I ran across the following today and thought this blog is as good a place as any to post it: Google now has an application to let your friends see where you are. This gives me shivers. Who would want this? I am not remotely interested in having my location passively available. Yes, I understand that if it counted, I could be tracked by my cell phone anyway - but that's different than intentionally making yourself more easily trackable. If I want someone to know where I am, I tell them ahead of time or I call them. If Google wants to develop this technology, that's up to them, but I find it odd that people are subjecting themselves to this kind of tracking voluntarily.

Tuesday, February 3, 2009

Economic Unrest in China

We're going to see more of this; my sense is it's being under-reported. Gordon Chang's 2001 The Coming Collapse of China seemed a little hard to believe when I read it some months ago; even with all the bad loans China's state-supported institutions have, they still have cash - but it's the wider class divisions in China and the irony that a Communist people's government its doing its best to oppress the working classes. Doesn't it always work out this way?

It's a given today that if it affects China, it affects you, and the future history of the world will look back on the twenty-first century and ask why the people of China and the U.S. made the decisions we did.

An Open Letter to Michael Steele

...not from me. I'm not the only one who thinks Steele is a good choice to lead the GOP back to its roots, something I've been arguing for for a long time.
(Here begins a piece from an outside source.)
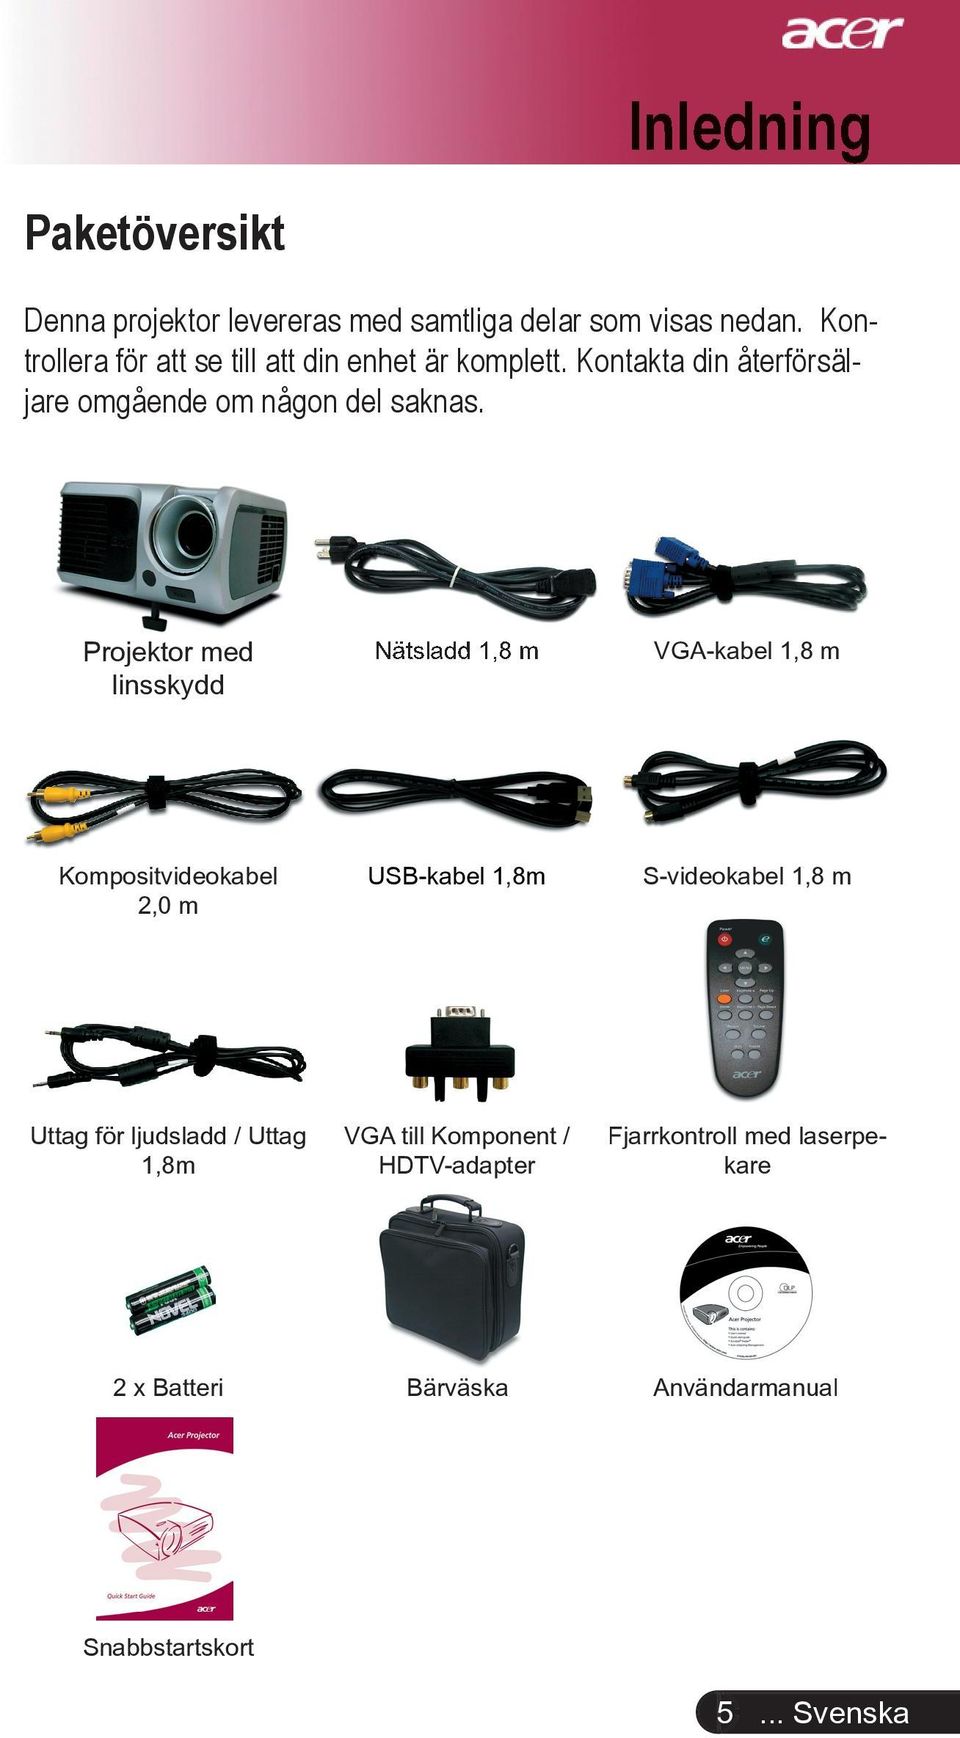 Projektor med linsskydd Nätsladd 1,8 m VGA-kabel 1,8 m Kompositvideokabel 2,0 m USB-kabel 1,8m S-videokabel 1,8 m

The GOP has increasingly been focused on the wrong things, and while it has been and should continue to be a big-tent party, it has made a mistake in sacrificing American economic growth and technical competitiveness in order to shut up the extremists that have camped out inside that big-tent. This is why the open letter to Chairman Steele from David Silverman jumped out at me. An atheist, Silverman could not in good conscience vote for a party that told him he wasn't a real American. This is partly why I just voted for Obama as well.

"Good riddance" you say? You're already getting your wish. That seems to be what happened to a number of GOP politicians in Kansas the past couple years who are now back in business with a D next to their names. "[Mark] Parkinson chaired the state GOP from 1999 to 2003 but is now running as the Democratic candidate for lieutenant governor. 'They were fixated on ideological issues that really don't matter to people's everyday lives,' he told the London Observer in June. 'What matters is improving schools and creating jobs. I got tired of the theological debate over whether Charles Darwin was right.'" This isn't some wacko with a blog; this was the chairman of the Kansas GOP. By the way, the article was written in 2006; he now is the Lieutenant Governor. With a D next to his name.

Going forward, the GOP has to decide whether it's going to keep losing my vote - and David Silverman's - and Mark Parkinson's (and Buckley Jr., and Kathleen Parker, etc. etc. etc.) and indeed those of millions of Americans who it's been pushing away. I hope Steele is the man for that job, otherwise the electoral blue invasion of the Heartland is going to continue.